Dead Space: Extraction Review
Game: Dead Space: Extraction
Developer: Vicarious Visions
Release: Out Now
This frantic, fast-paced prequel to last year’s Dead Space has traded in the original’s third-person view for a first-person on-rails shooter similar to House of the Dead and Time Crisis. Set in the distant future on a barren planet, a human colony prepares to “crack” the land for vital resources when a strange artefact is discovered. As a team of engineers attempts to move this object, most of the colony suddenly turns insane, eventually into vicious monsters called Necromorphs that come in all shapes and sizes. You’re job, playing as a number of survivors, is to escape the horror.
Queue 10 levels of intense action, shooting everything in sight and praying you’ll make it out alive. Extraction is a wild ride from start to finish, but doesn’t play like any other light gun game. For example, aiming for the head won’t get you anywhere. Instead you have to go for the legs and arms, trying to slow the enemy down before they can get to you.
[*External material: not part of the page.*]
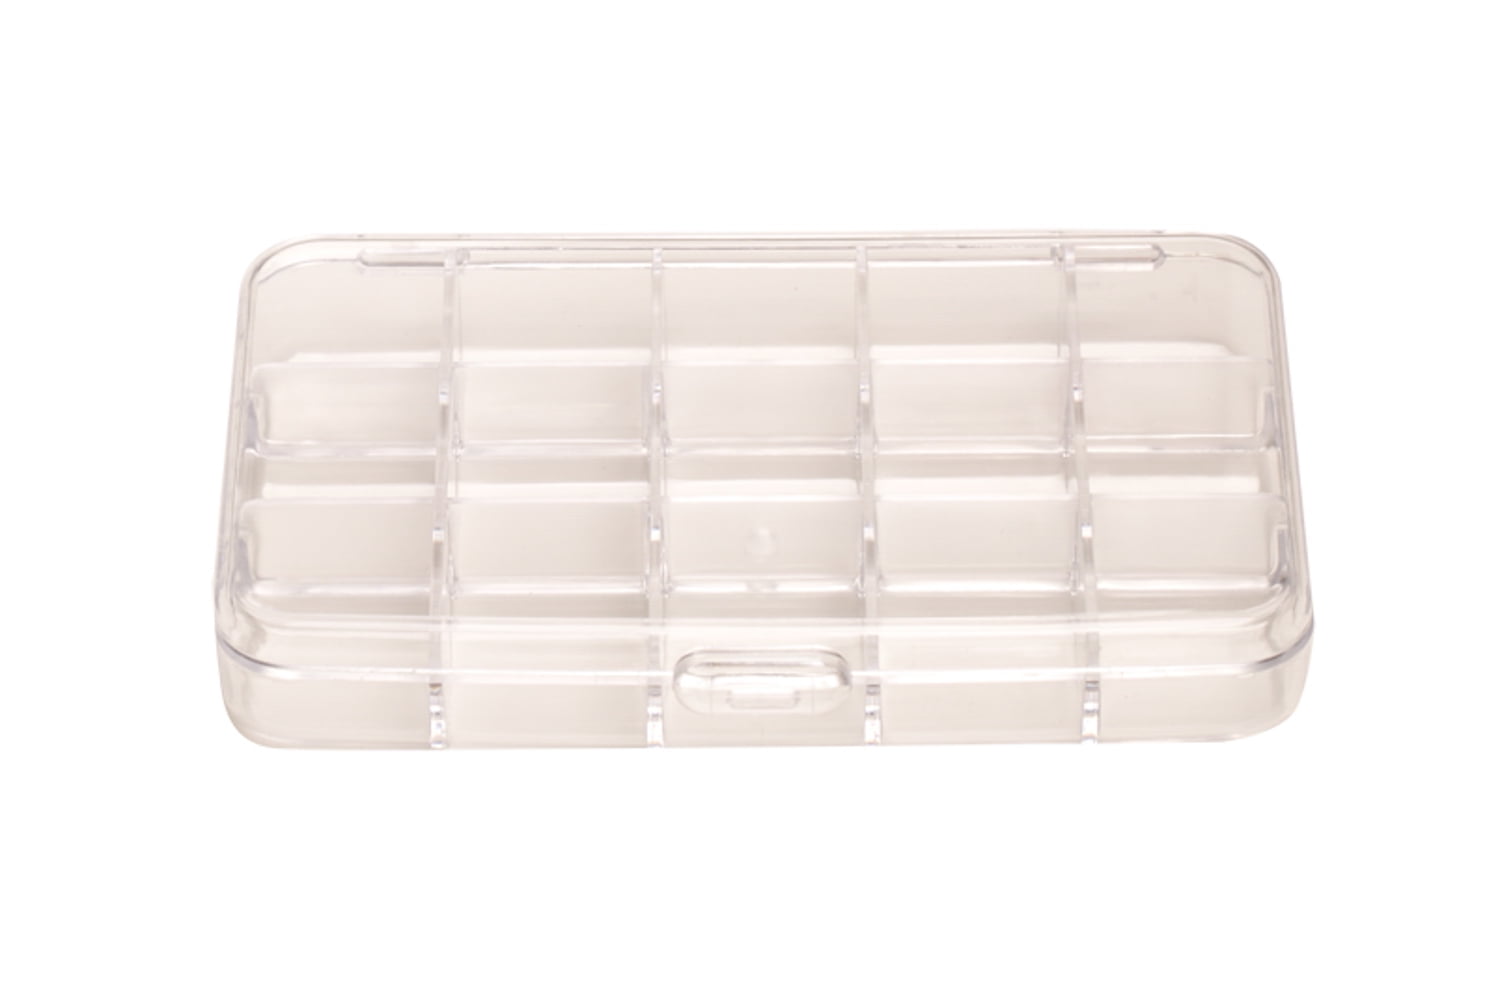 1Pcs 10 Compartments Detachable Organizer Storage Plastic Case Box With Lid

It makes for a different, more exciting experience compared to what you may have played before. The pressure only builds as more enemies pile onto the screen, and you may well find yourself starting to sweat with anxiety. Other cool additions like using stasis to slow Necromorphs down, or a weapon that shoots spinning blades that you can then move with the controller only add to the experience. The first game was a refreshing addition to the survival horror genre, Extraction is very much the same, only on a new console and a new genre.
You can play through the campaign by yourself, but it’s even better to blast through with a friend in 2 player co-op. The story is constantly moving, perhaps sometimes a little too much for one level, meaning you spend a lot of time listening rather than shooting. Thankfully the plot is engaging enough to keep you interested, the voice acting is top notch, and the graphics actually manage to look quite a bit like the original game, despite being on the Wii over PS3/360.
It doesn’t end once you’re done with the story, either. There are weapon upgrades to collect, digital comics to watch, and a challenge mode that sees you trying to beat high scores. It all runs out eventually, but Extraction does what it can to keep the disc in your Wii for a while.
Overall Dead Space: Extraction works in a number of ways to deliver one of the best shooters on Wii. You may not have the control of an FPS, but the weapons, enemy types, limb slicing, and tight presentation more than make up for it. You might get more out of it if you played the first Dead Space, but that shouldn’t be any reason for you not to pick up a Wii Remote and start blasting away.